The album’s intro set the tone of the record in grim fashion as it fades in with what sounds like a babbling throng of demons; a weirdly insistent repetition is soon established, and Araya recalls the process. "It sounds like they are saying 'Slayer'. Gene Hoglan was there, and we were all around the microphone doing all kinds of growling noises. When the whole thing came together, we thought it was very cool. Then we thought we should back-track. Also, because it was our second album, we thought of 'Welcome back, join us' backwards. When we heard it played back, we thought that it sounded like they were saying 'Slayer'. It was unintentional, but shit like that happens in this band. The same thing happened on the new record actually. Jeff had an idea for an intro; he wanted something spoken. We were just going to find something on the internet, but we ended up coming across a friend who did it for us and we were like 'What? You can speak what language?' It sounds like he’s speaking backwards."
Sonically Hell Awaits was certainly a more polished affair than anything Slayer had released previously, and Bill Metoyer – the man responsible for some of the engineering work on the album - remembers how organic the whole process was.
"Back then, every album recorded had some kind of financial constraints – it was par for the course. Sometimes we had to go in at midnight to get a cheap studio rate, but we just didn’t know anything else. Having said that, the only real technical difficulties we had were when one of the band spilled beer into the recording console!"

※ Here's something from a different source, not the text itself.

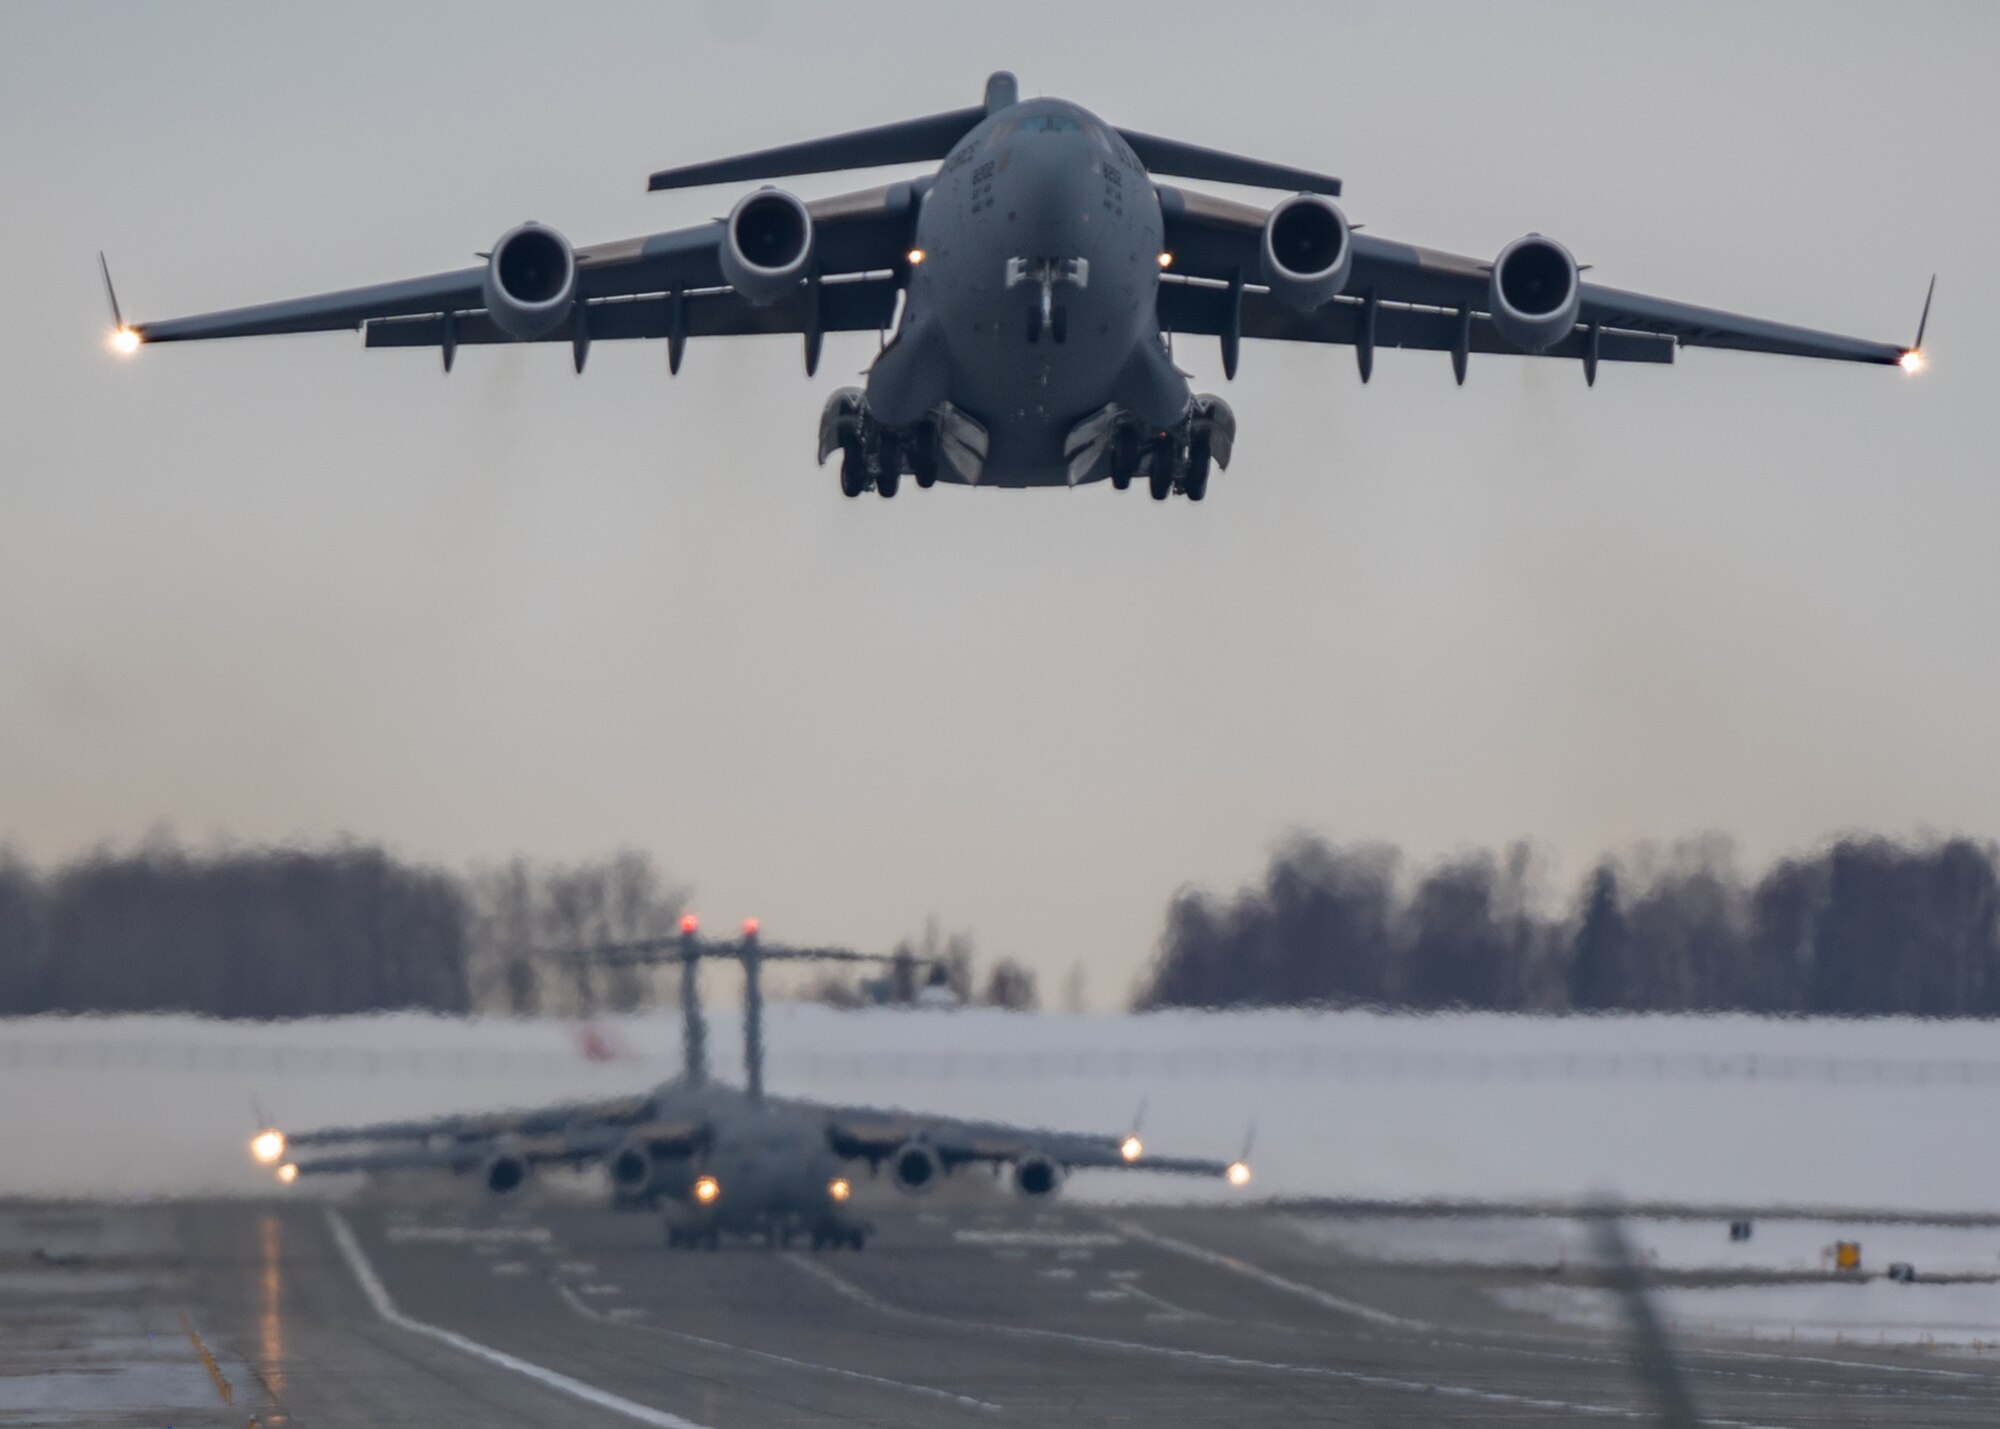 A C-17 Globemaster III assigned to Joint Base Lewis-McChord, Washington, takes off from a runway during Exercise Rainer War 22-A at Joint Base Elmendorf-Richardson, Alaska, March 18, 2022. The exercise is designed to demonstrate the wing’s ability to operate and survive while defeating challenges to the U.S. military advantage in all operating domains – air, land, sea and cyberspace. (U.S. Air Force photo by Airman 1st Class Charles Casner)
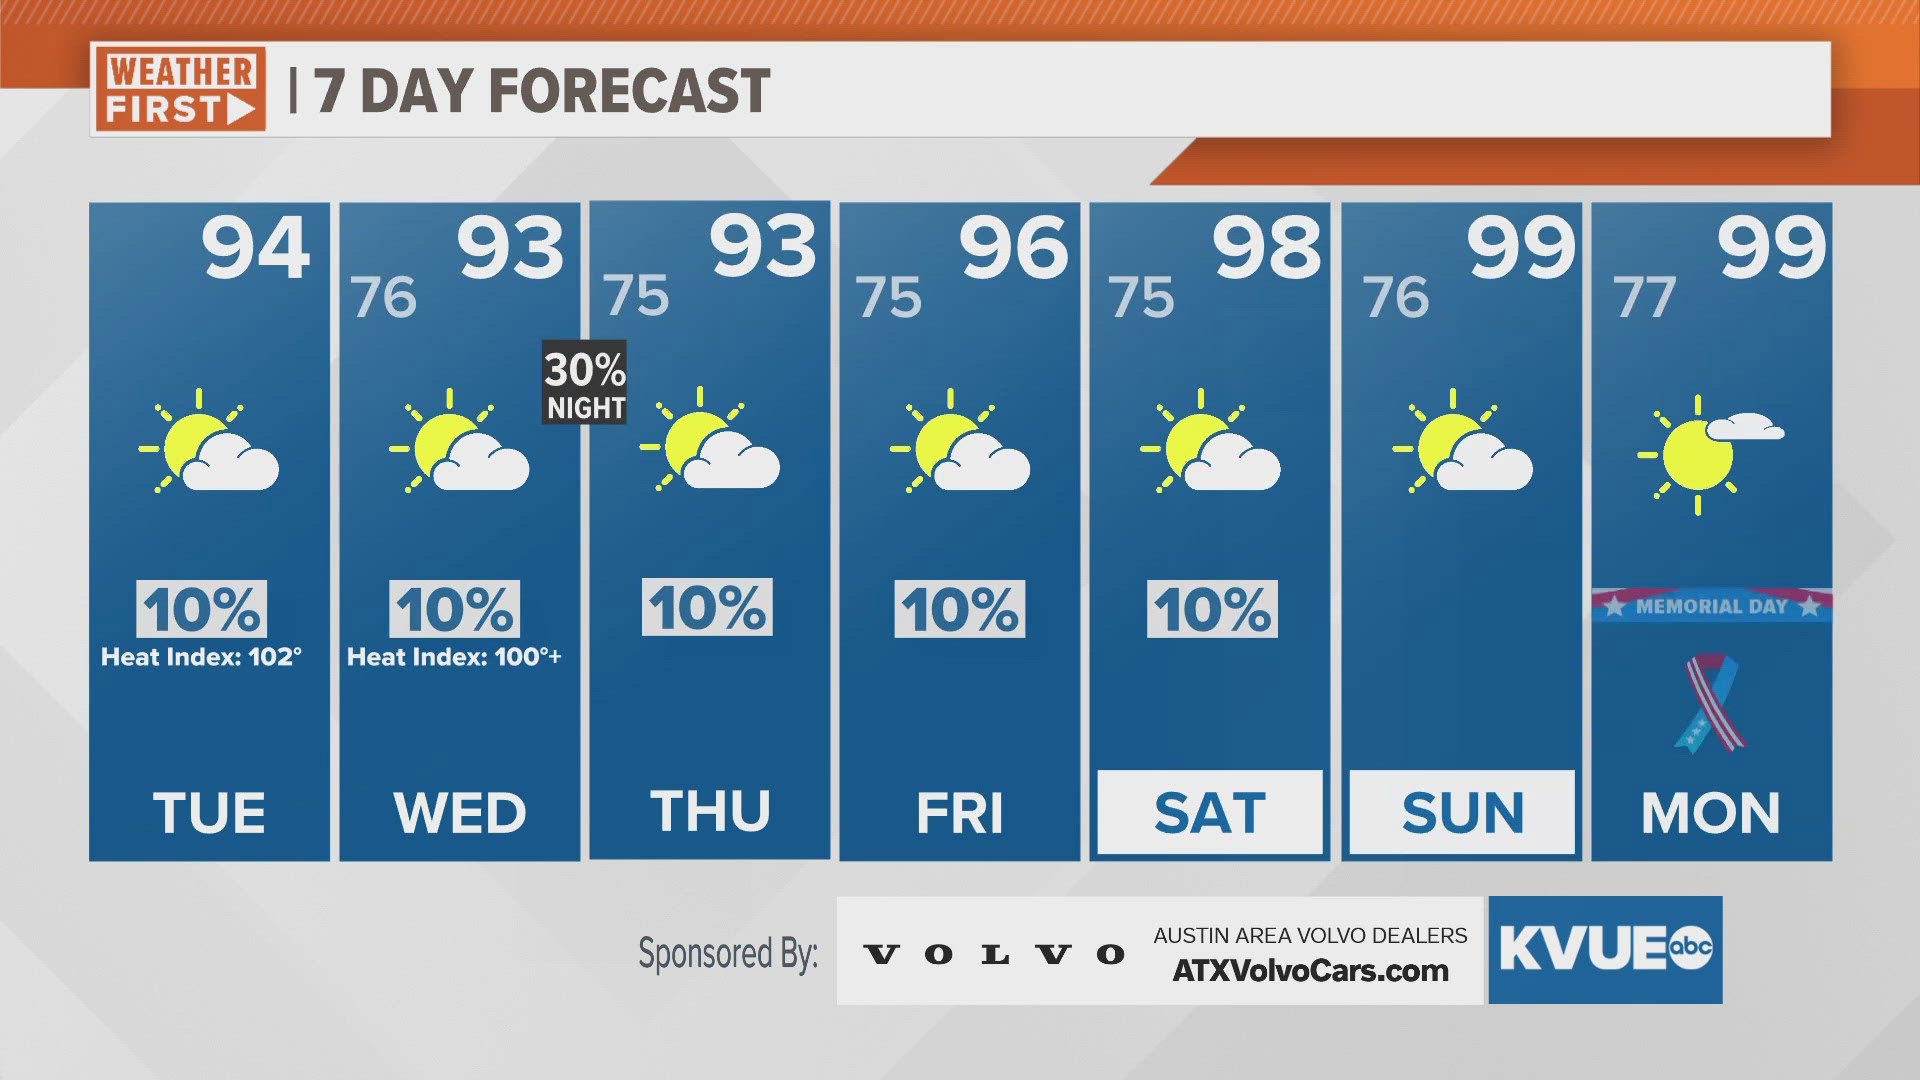 Heat wave arriving to Central Texas in time for Memorial Day Weekend

In keeping with a small label’s hands-on approach, Metoyer wasn’t averse to some multi-tasking in those days. "As a member of Metal Blade’s staff, besides working with the Slayer guys in the studio, I would hang out with them a lot," Metoyer remembers. "There were times I had to pick them up at their houses and drive them to radio interviews. I definitely considered them friends."
With the benefit of hindsight, Metoyer sees Hell Awaits as a vitally important release: "I think Slayer progressed both musically and musician wise in every record I worked with them. In that sense I consider Hell Awaits the best album they did for Metal Blade, and judging by how many musicians – including Phil Anselmo and drummer Gene Hoglan – cite Hell Awaits as an influence, then yes it was hugely important. But hell, ALL the records were evil! The first words you hear on Haunting the Chapel are: ‘The holy cross, symbol of lies, intimidates the lives of Christian born’. Since I was raised Catholic, those are some of the most evil words you could say! The thing that gets me is how many people out there still think Reign In Blood was the first Slayer album."
The subject of re-mastering Hell Awaits has been discussed often in metal circles, but Araya isn’t a supporter. "You would lose the warmth of it, I think, because everything is analogue," he suggests. "There is one album that I would I would like to re-record and that’s Divine Intervention. That is one record we would definitely do again. It was so sporadic and scattered. With Christ Illusion and World Painted Blood we were in one spot, and that’s where it stayed, which definitely helps. When you’re writing and moving from one studio to another, you never really focus."
Despite Hell Awaits' significance in the overall heavy metal picture, Araya and Slagel have slightly different opinions on its final placing. "I enjoy all our albums," Araya admits with some pride. "They are just all great. Show No Mercy for what it was at the time, is great. We just went in and recorded it, and the same applied to Hell Awaits."